NEWPORT - Sara Hastreiter knows tough, once climbing Tanzania’s Mount Kilimanjaro -- the highest free-standing mountain in the world -- a week after recovering from malaria. What she’s doing now may be her biggest challenge.
Hastreiter is one of 13 female sailors competing for Team SCA in the Volvo Ocean Race, a nine-month, around-the-world journey that covers 38,739 nautical miles (71,745 kilometers). The race started in Alicante, Spain, in October and ends next month in Gothenburg, Sweden, the last of 11 ports. The lone U.S. stop ended Sunday, when the six 65-foot sailboats left Newport for the 2,800-mile trip to Lisbon.

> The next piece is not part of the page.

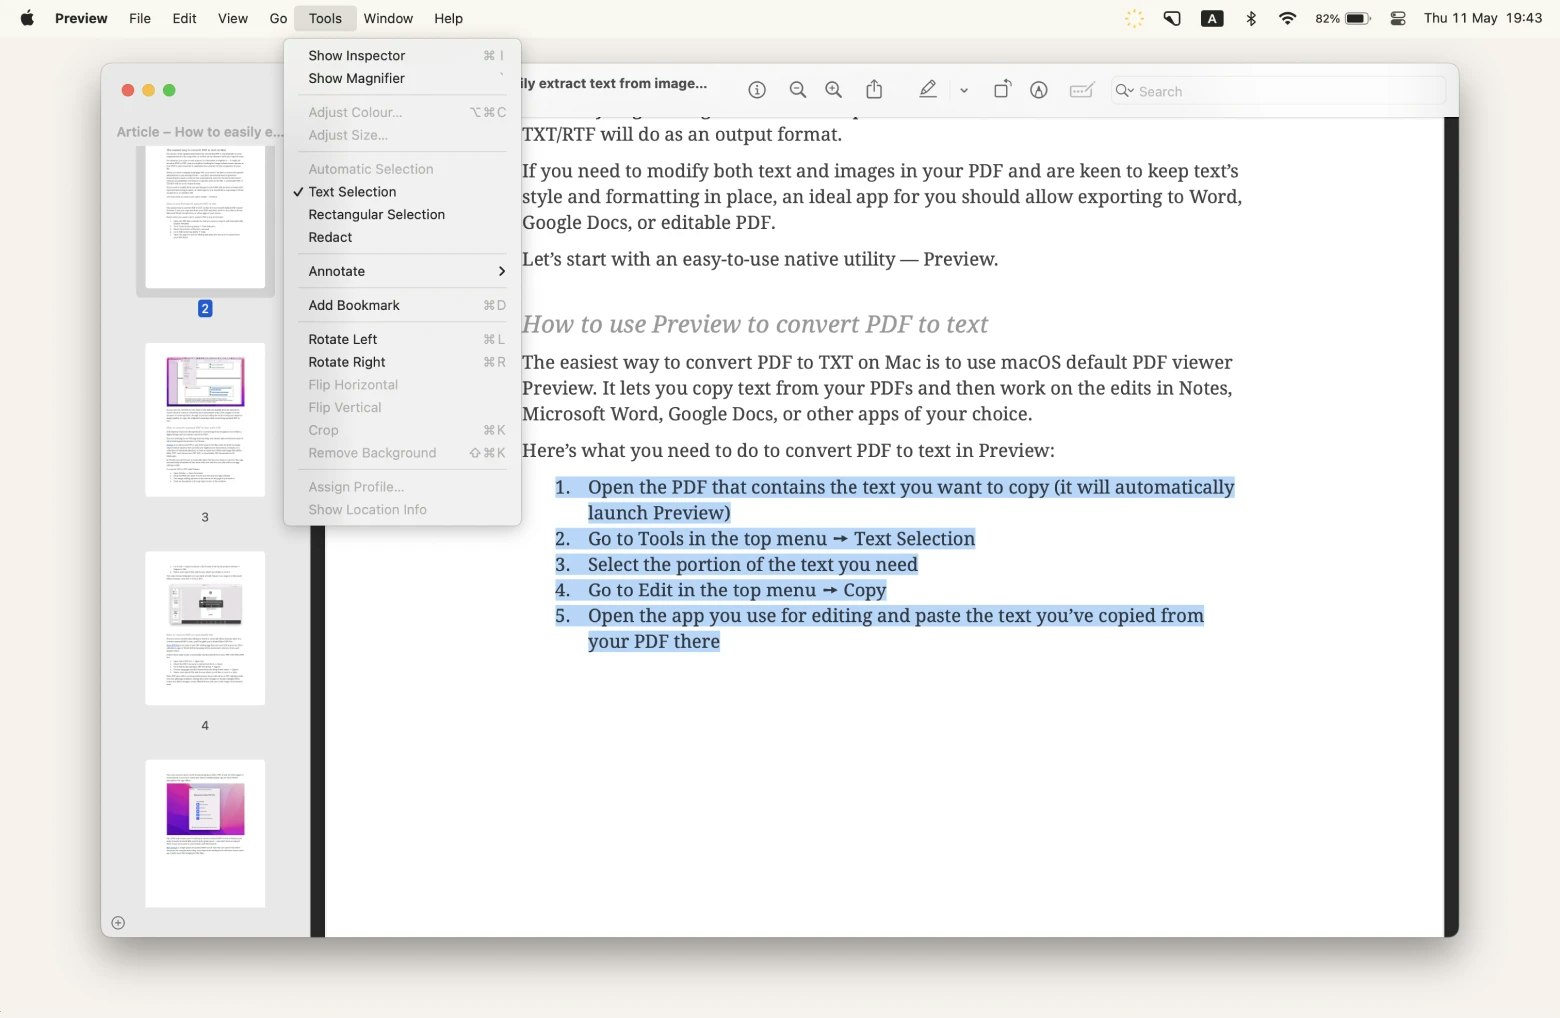 The right way to convert PDF to text

In addition to demands brought on by the length of the race, which is held every three years, participants face heat and cold, seasickness and the task of building relationships with teammates. Even with the challenges, Hastreiter, 30, said she’s sad the finish is drawing closer for Team SCA, the second all-female crew to compete in the 42-year-old race.
“I don’t think we could ever describe how appreciative we are that this opportunity is there for us,” Hastreiter said in an interview three weeks ago after sailing a TP52 racing yacht off Manhattan. “We’re going to finish this and be wandering around again in the world of sailing not directly open for us as females. We’re going to have to break down barriers and get in with the men again.”
The backing for the team was provided by SCA Group, a global hygiene product company headquartered in Stockholm. While many of its brands aren’t well-known to U.S. consumers, SCA supplies about 50 percent of all napkins used outside of homes. “We’re all over the place, but a little under the radar,” said SCA of Americas President Don Lewis.
Female consumers
The company, which also supplies diapers and feminine care products, says 80 percent of its consumers are women, though the majority of sales are business-to-business. Lewis declined to say how much SCA spent on the team, though he called it “economical,” at less than 5 percent of the company’s marketing budget.
“The race allowed us a platform to get visibility across the globe for our brands, but also to highlight the strength of women,” Lewis said by telephone.
The SCA team has sailors from six nations, ages 28 to 42, and includes three former Olympians and the only woman to have sailed solo around the world -- both east and west.
“The women I sail with are really dynamic, incredibly intelligent and extremely driven,” said Hastreiter, who grew up in landlocked Wyoming and first sailed on a day-charter catamaran in the Caribbean in 2008.
Nine legs
There are nine legs in the race, the most recent an 18-day run from Itajai, Brazil, to Newport that spanned 5,800 miles and included the boats outrunning a cold front and fighting through seaweed that clogged rudders. The teams were off for 11 days before beginning the seventh leg across the Atlantic.
The race presents obstacles beyond its length: boat damage, injuries, rough weather and sickness. There’s also unanticipated dangers: floating debris off China, flying fish that prompted some sailors to wear hard hats and racing through thousands of unlit fishing boats at night off the Vietnamese coast.
“The conditions and stresses are huge and multifaceted,” said Dawn Riley, who was on the first all-women’s team in the around-the-world race in 1989-90. Riley, the first woman to manage an America’s Cup syndicate, has been executive director of the Oakcliff Sailing Center in Oyster Bay, New York, for the past 5 1/2 years. She said comparisons between the Volvo Ocean Race and climbing 29,029-foot (8,516-meter) Mount Everest are valid.
“The Volvo takes a lot longer than a climb up Everest and you’re very seldom ‘off,’” said Riley, 50, a former president of the Women’s Sports Foundation. “It is the Everest of sailing, but longer, hotter, sweatier and colder.”
China seasickness
Elodie Mettraux, who quit a job managing a Geneva sailing center to join Team SCA, said her worst stretch was three days of seasickness outside Sanya, China.
“Sometimes you’re like, ‘What the (heck) are you doing out here?,’” said Mettraux, who as a sailor opted for saltier language. “I remember saying to my dad, ‘Why can’t I do something more quiet?’ Then the sun rises, you see phosphorescent plankton in the waves, or 50 or more dolphins going past the boat. It’s amazing.”
Team SCA’s crew was picked from more than 400 applicants. While the team has accomplished sailors, the results haven’t been what the crew hoped. Team SCA sits last among the six boats remaining and hasn’t finished better than fifth in any leg. Abu Dhabi Ocean Racing is the overall leader.
Disappointing performance
“It’s disappointing because I know women can sail as fast as men,” Riley said. “Especially because they had funding early, I thought they’d be a strong contender.”
Hastreiter said the crew expects more and hopes to improve at they approach the end with mixed emotions.
“There will be a small part of me that like ‘Thank God,’ but I’ll definitely be sad when it’s over,” she said. “At the end, it just ends; you can’t believe you’ve been together for two years and everyone goes back to their lives.”